How the value of each variable is left up the the data source. The present pattern is to split by the string based on the separator ::, and then used to access the required data. For example, the variable u100, zonal winds at 100 hPa, the value UGRD::100 mb is split into UGRD and 100 mb which are then used with the remote Grib index file to fetch the correct data.

            try:
                gfs_name, modifier = GFSLexicon[variable]
            except KeyError:
                logger.warning(
                    f"variable id {variable} not found in GFS lexicon, good luck"
                )
                gfs_name = variable

                def modifier(x: np.array) -> np.array:
                    """Modify data (if necessary)."""
                    return x

            byte_offset = None
            byte_length = None
            for key, value in index_file.items():
                if gfs_name in key:
                    byte_offset = value[0]
                    byte_length = value[1]
                    break

            if byte_offset is None:
                raise KeyError(f"Could not find variable {gfs_name} in index file")
            # Download the grib file to cache
            logger.debug(
                f"Fetching GFS grib file for variable: {variable} at {time}_{lead_hour}"
            )
            grib_file = self._download_s3_grib_cached(
                grib_file_name, byte_offset=byte_offset, byte_length=byte_length
            )
            # Open into xarray data-array
            da = xr.open_dataarray(
                grib_file, engine="cfgrib", backend_kwargs={"indexpath": ""}
            )
            gfsda[0, 0, i] = modifier(da.values)

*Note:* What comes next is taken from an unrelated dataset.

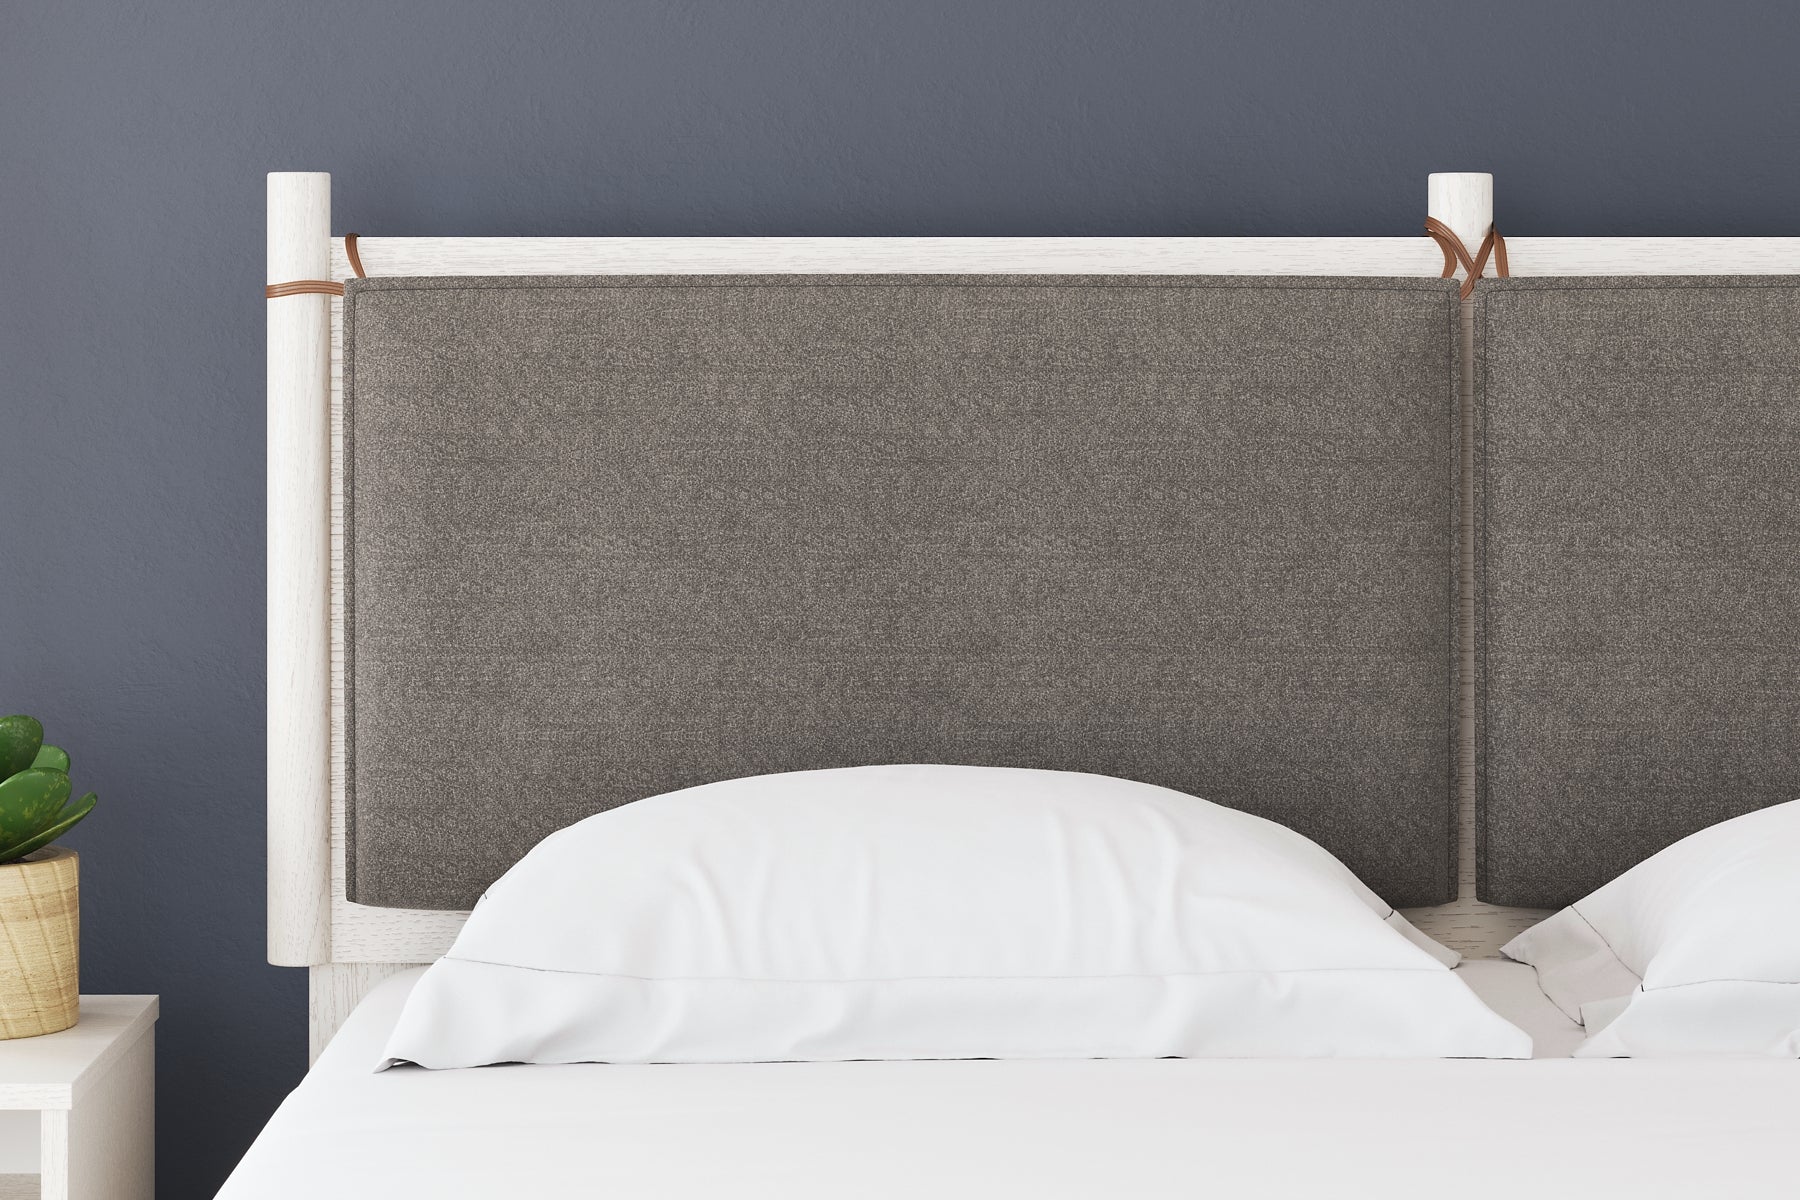 Aprilyn Queen Panel Bed Signature Design by Ashley®

It is a common pattern for data source lexicons to contain a modifier function that is used to apply adjustments to align data more uniformly with the package. A good example of this is the GFS dataset which uses the modifier function to transform the GFS supplied the geo-potential height to geo-potential to better align with other sources inside Earth2Studio.

    @classmethod
    def get_item(cls, val: str) -> tuple[str, Callable]:
        """Get item from GFS vocabulary."""
        gfs_key = cls.VOCAB[val]
        if gfs_key.split("::")[0] == "HGT":

            def mod(x: np.array) -> np.array:
                """Modify data value (if necessary)."""
                return x * 9.81

        else:

            def mod(x: np.array) -> np.array:
                """Modify data value (if necessary)."""
                return x

        return gfs_key, mod

Warning

The lexicon does not necessarily contain every variable inside the remote data store. Rather it explicitly lists what is available inside Earth2Studio. See some variable missing you would like to add? Open an issue!